• _Provided data_
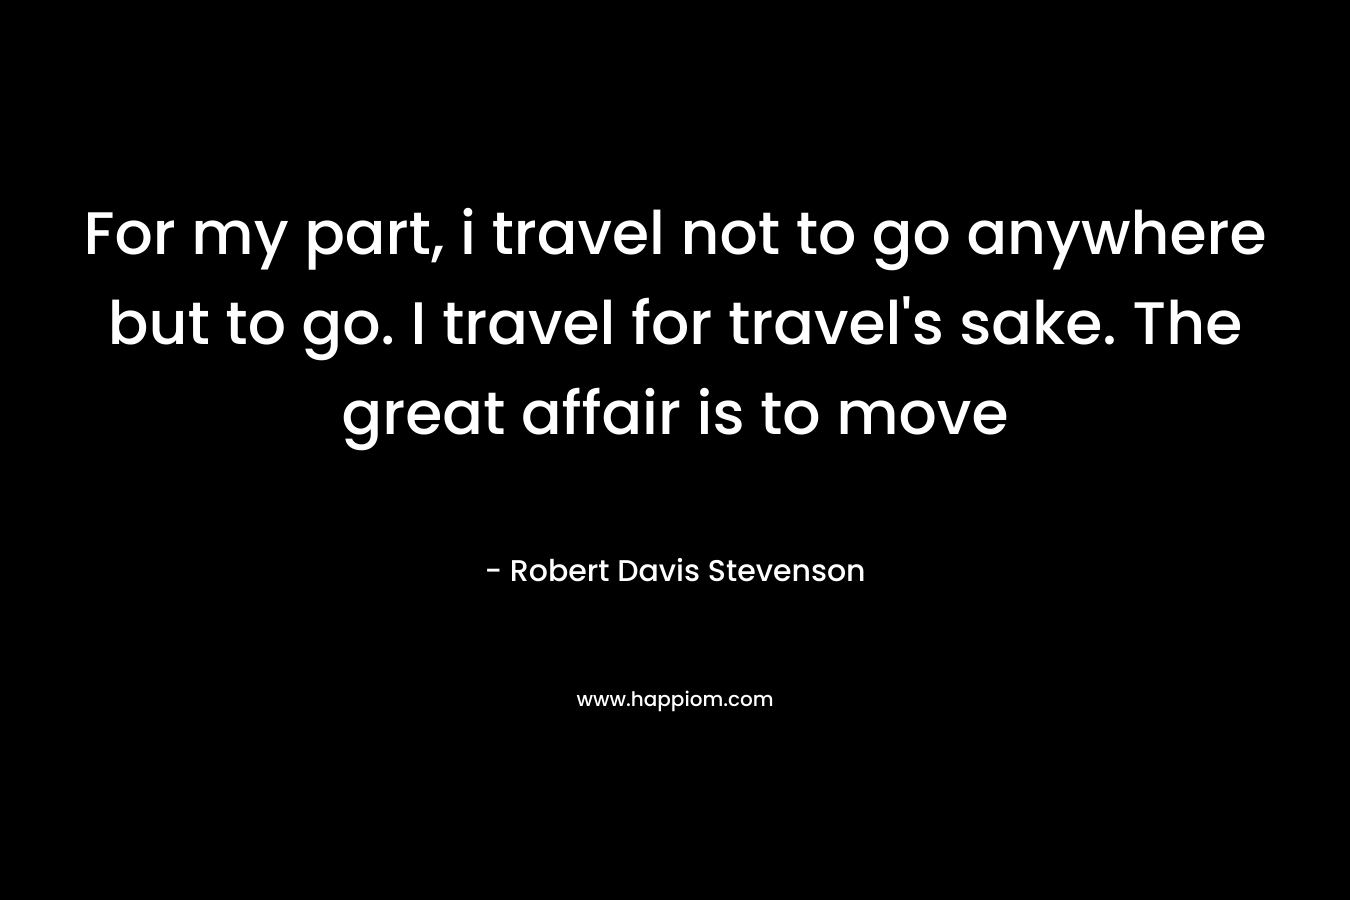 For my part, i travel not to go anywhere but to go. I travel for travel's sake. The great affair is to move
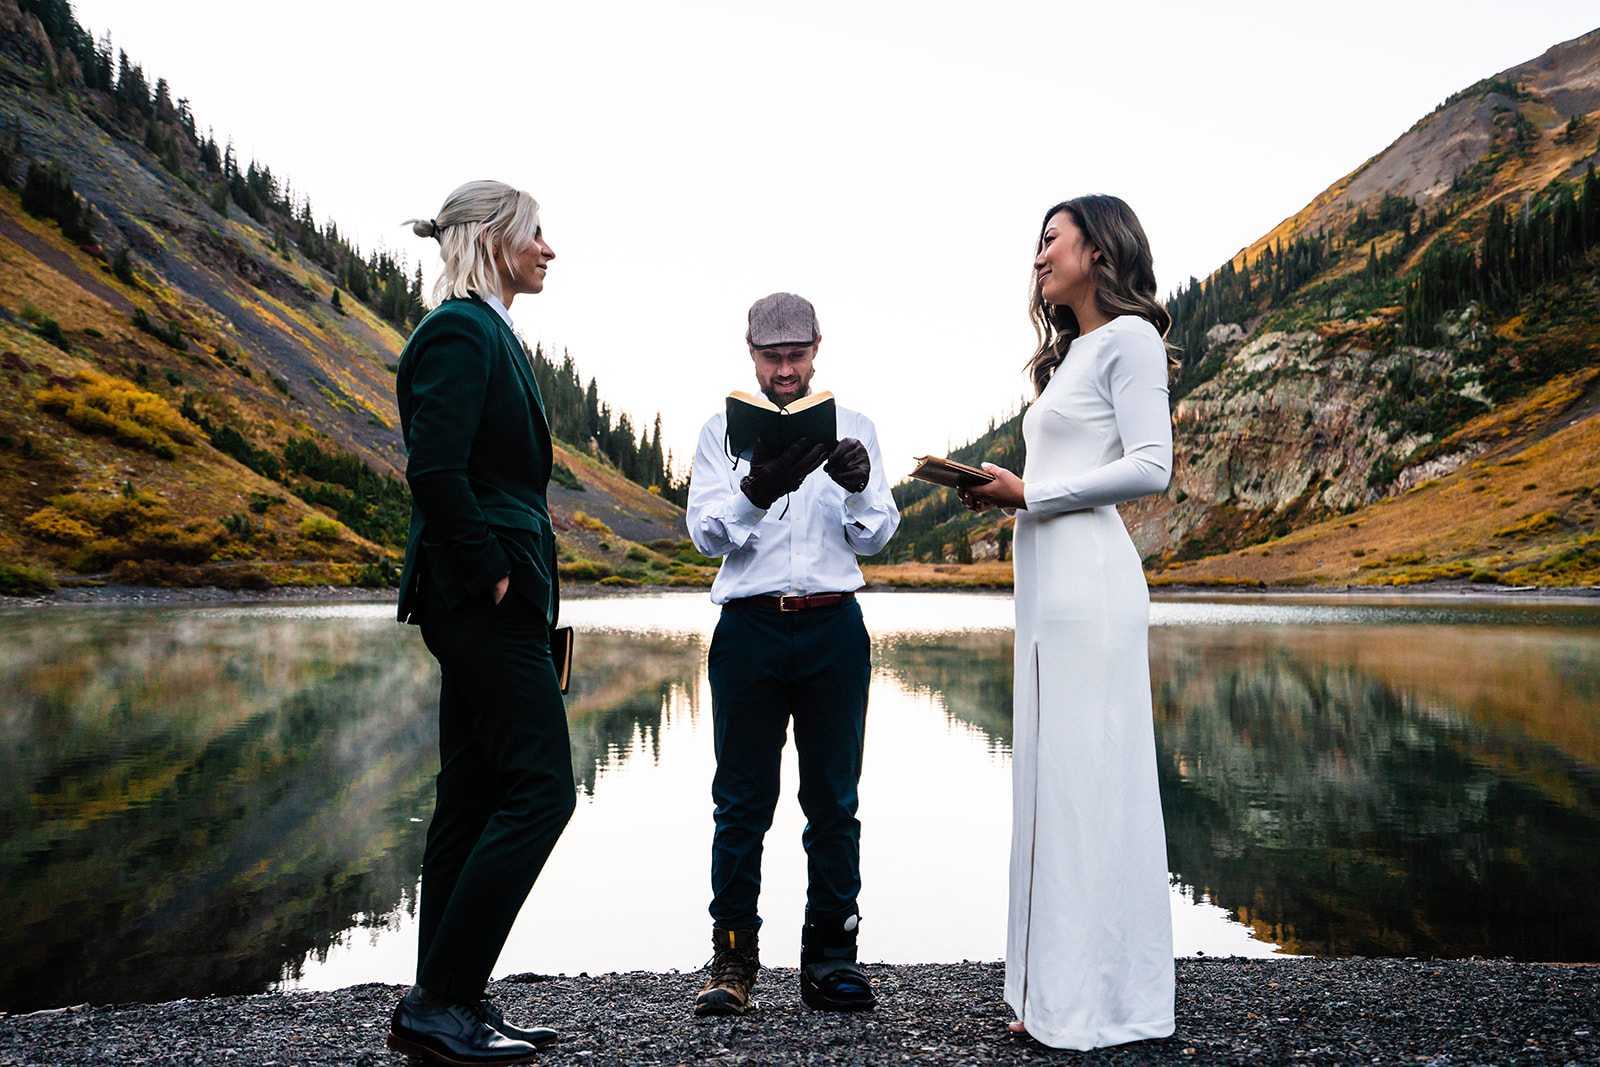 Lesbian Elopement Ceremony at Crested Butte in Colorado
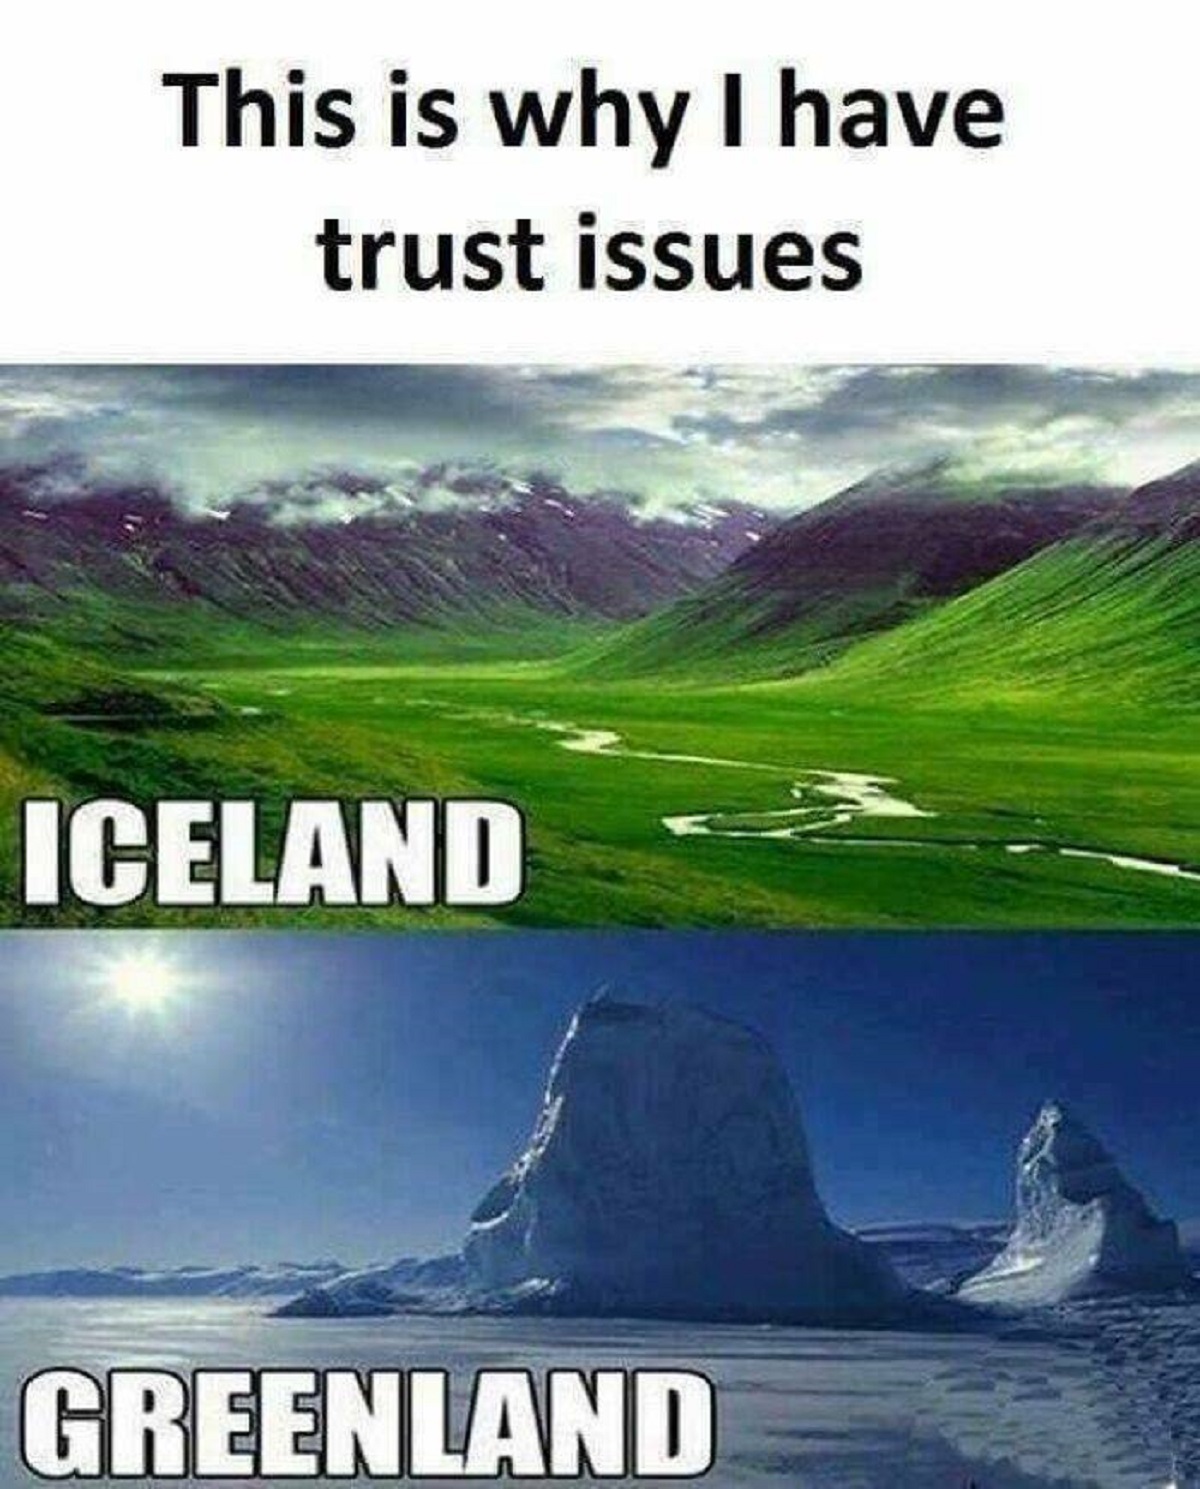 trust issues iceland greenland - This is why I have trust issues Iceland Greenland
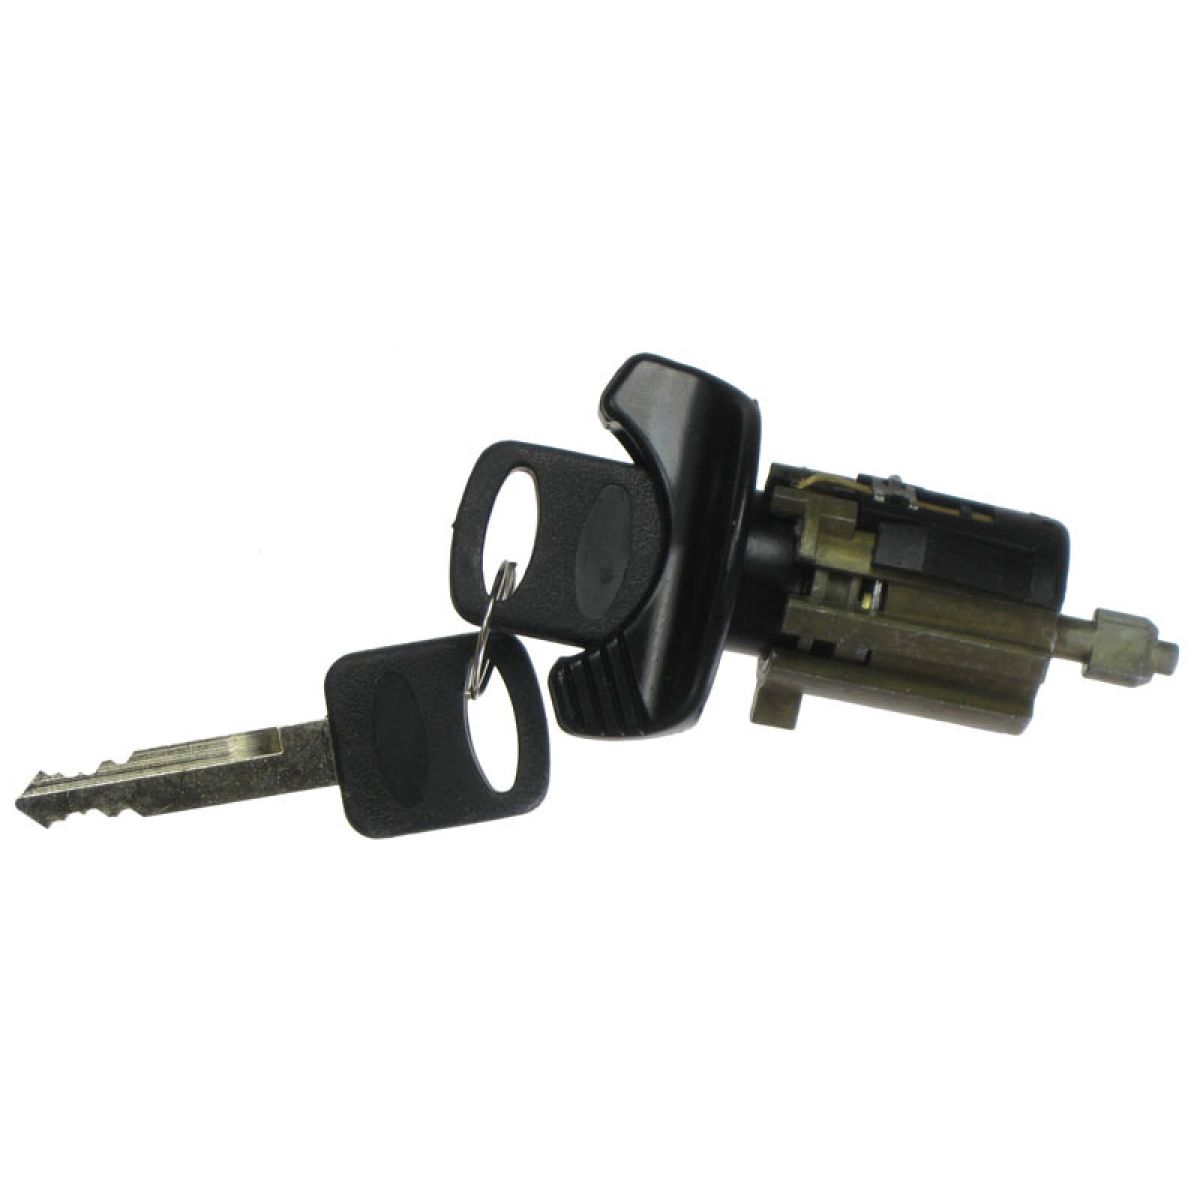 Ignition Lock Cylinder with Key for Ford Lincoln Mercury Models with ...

• _What the task asks_
Copy the data word for word, no pictures.

• _Answer area_
 For my part, i travel not to go anywhere but to go. I travel for travel's sake. The great affair is to move
 Lesbian Elopement Ceremony at Crested Butte in Colorado
 trust issues iceland greenland - This is why I have trust issues Iceland Greenland
 Ignition Lock Cylinder with Key for Ford Lincoln Mercury Models with ...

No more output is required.